Supervision and examination: Usman Dastgeer
Literature
As main course book, we will use:
Further literature references will be added later.
Teachers
Examination
TEN1: Written exam (Welf, Christoph) 3p = 4.5hp. Due to partial overlap, 2p = 3hp for those who already have passed the exam in FDA125 Advanced Parallel Programming earlier.
UPG2: Paper
presentation, opposition, and written summary
(1-2 pages, deadline 4/4/2011) of the presented paper, 1p = 1.5hp.
Credit
7.5hp if all examination moments are fulfilled, up to 9hp if both labs are passed.
Partial credits can be given, too, but the written exam must be passed.
Comments
There is a partial overlap in contents with the earlier course
FDA125 Advanced Parallel Programming, corresponding to 1p = 1.5hp
in the written exam.
In contrast to FDA125, we focus in this course on shared memory and multicore systems, also heterogeneous multicore and GPU architectures, and add more material on software engineering techniques for parallel systems, such as design patterns for synchronization and optimized composition of parallel components.
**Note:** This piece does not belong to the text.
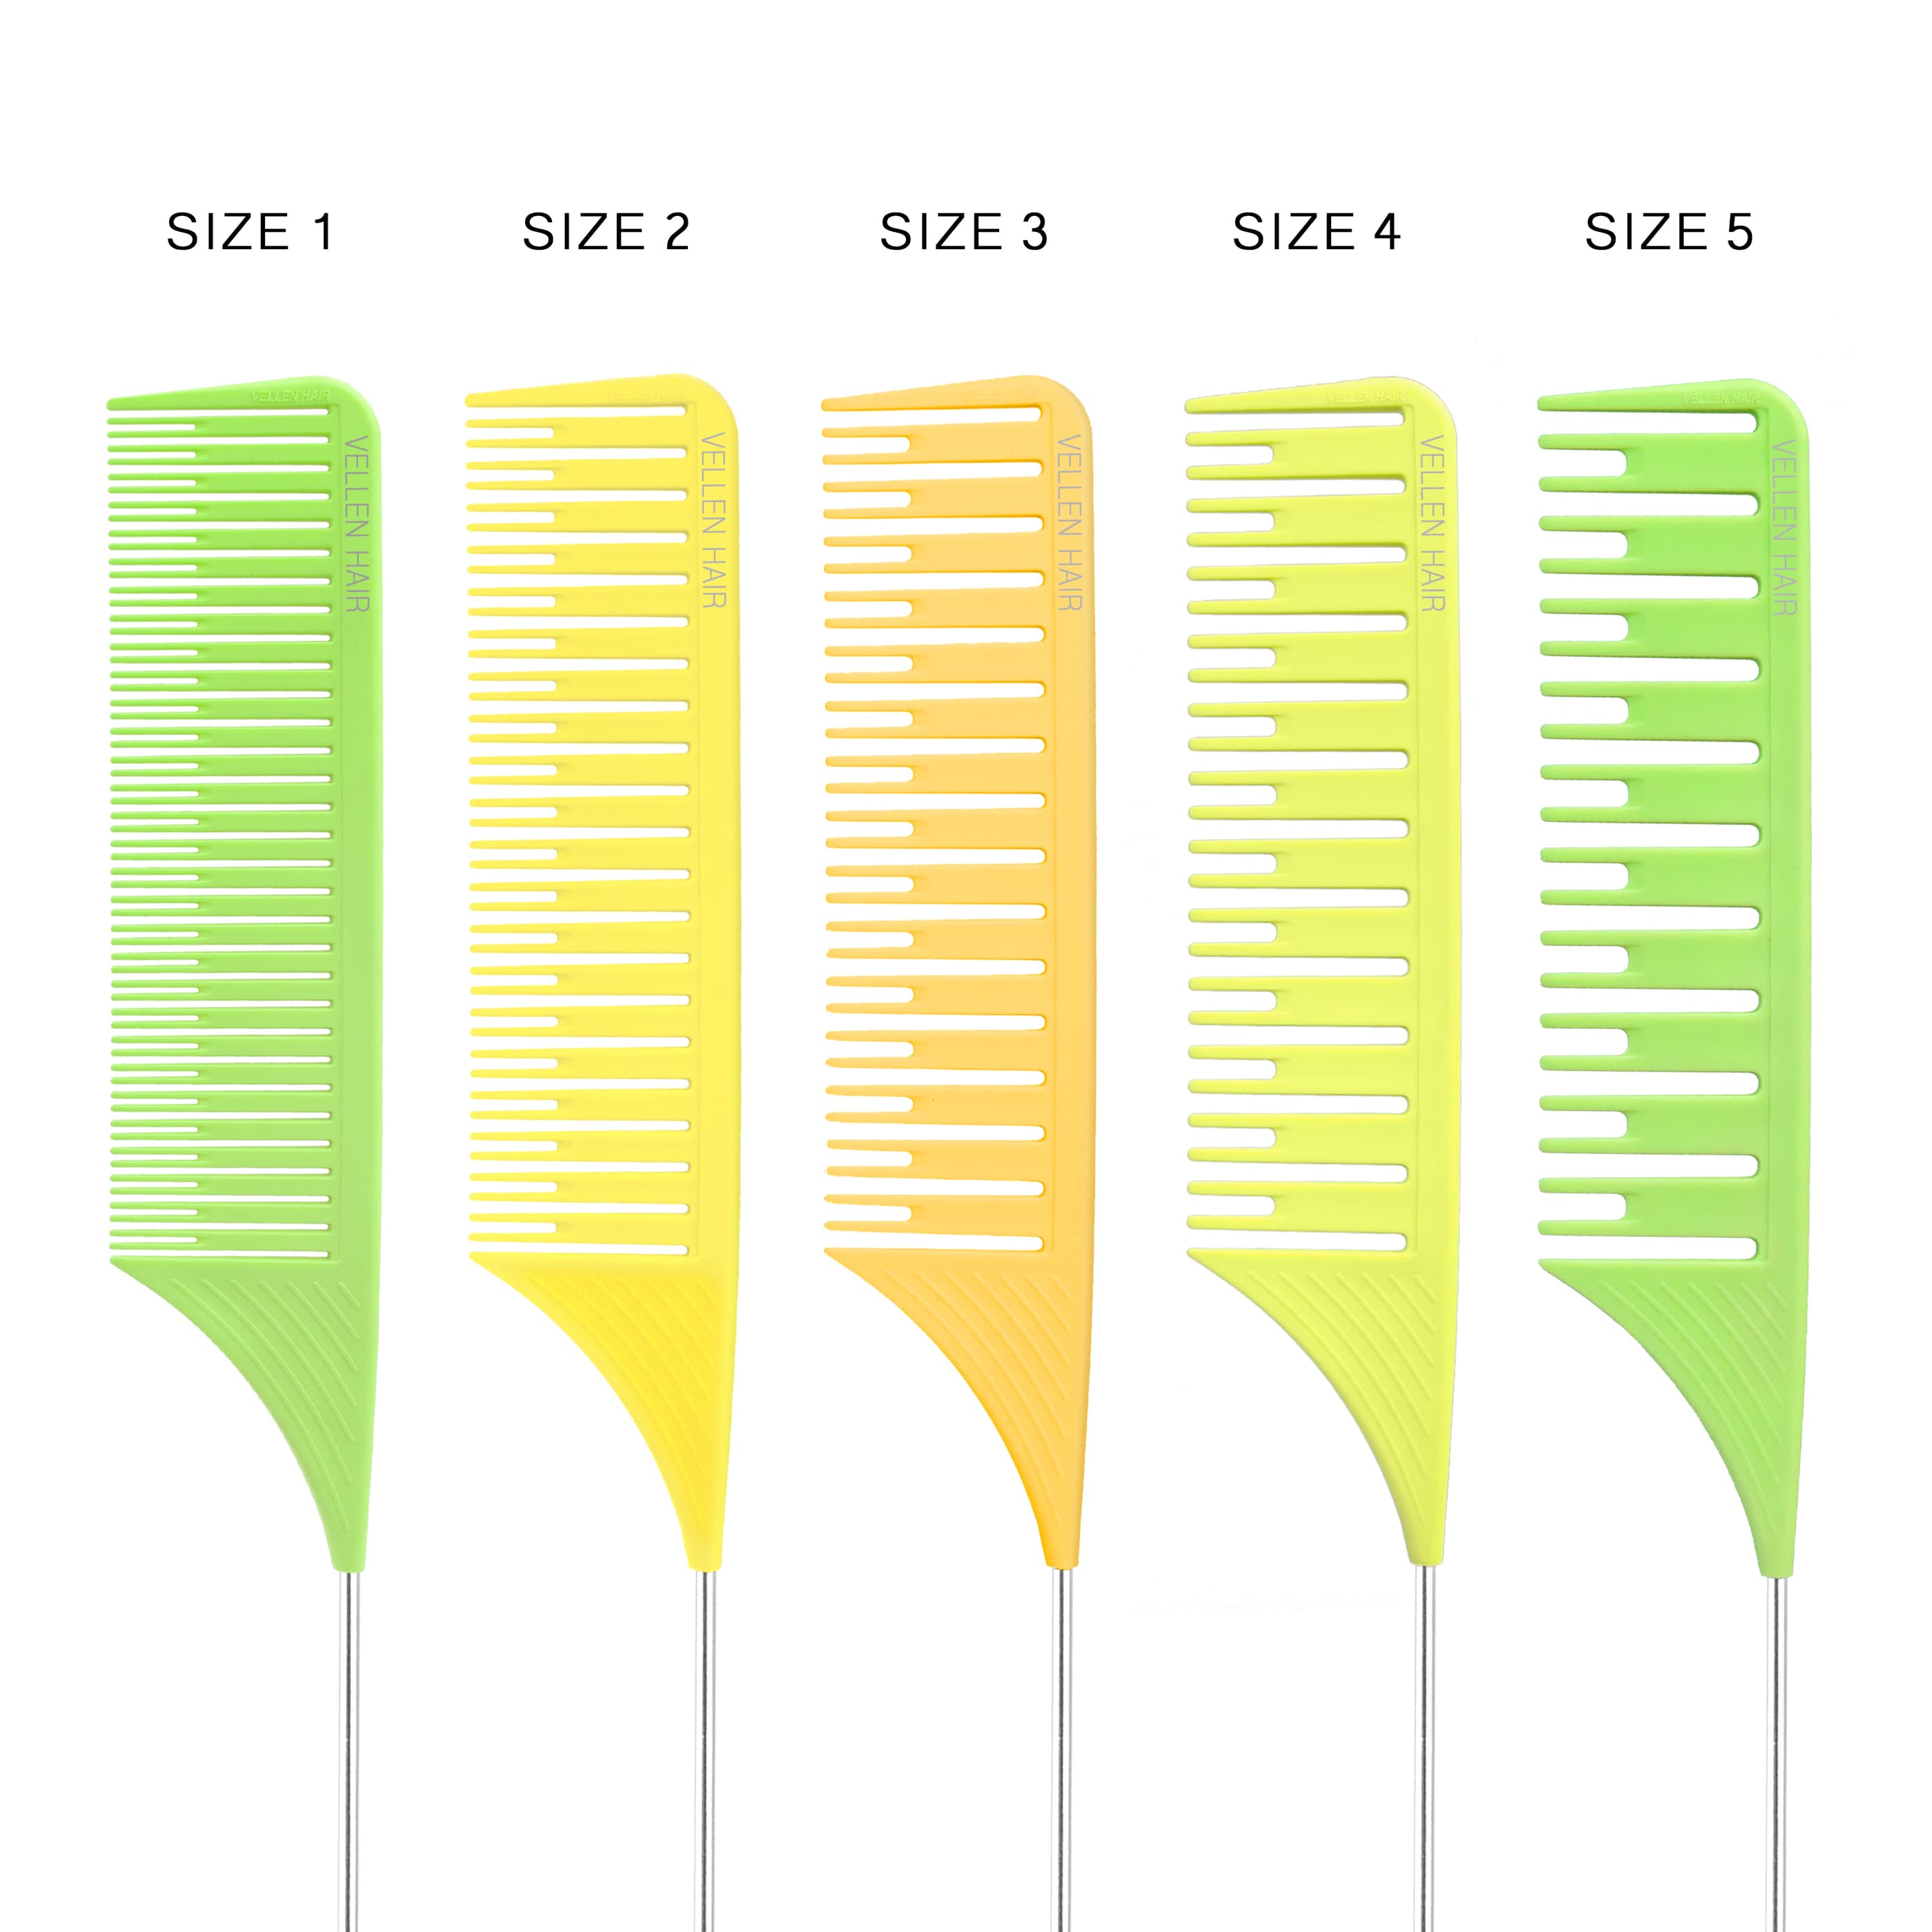 Highlighting Comb Set 1.0 - 5 Sizes - Multi Colors

We also give more emphasis to parallelization techniques that are especially useful for multicore systems, such as SIMD programming, speculative parallelization, transactional programming and lock-free synchronization. Scheduling for shared memory systems will be considered in more detail, in particular scheduling algorithms for malleable task graphs.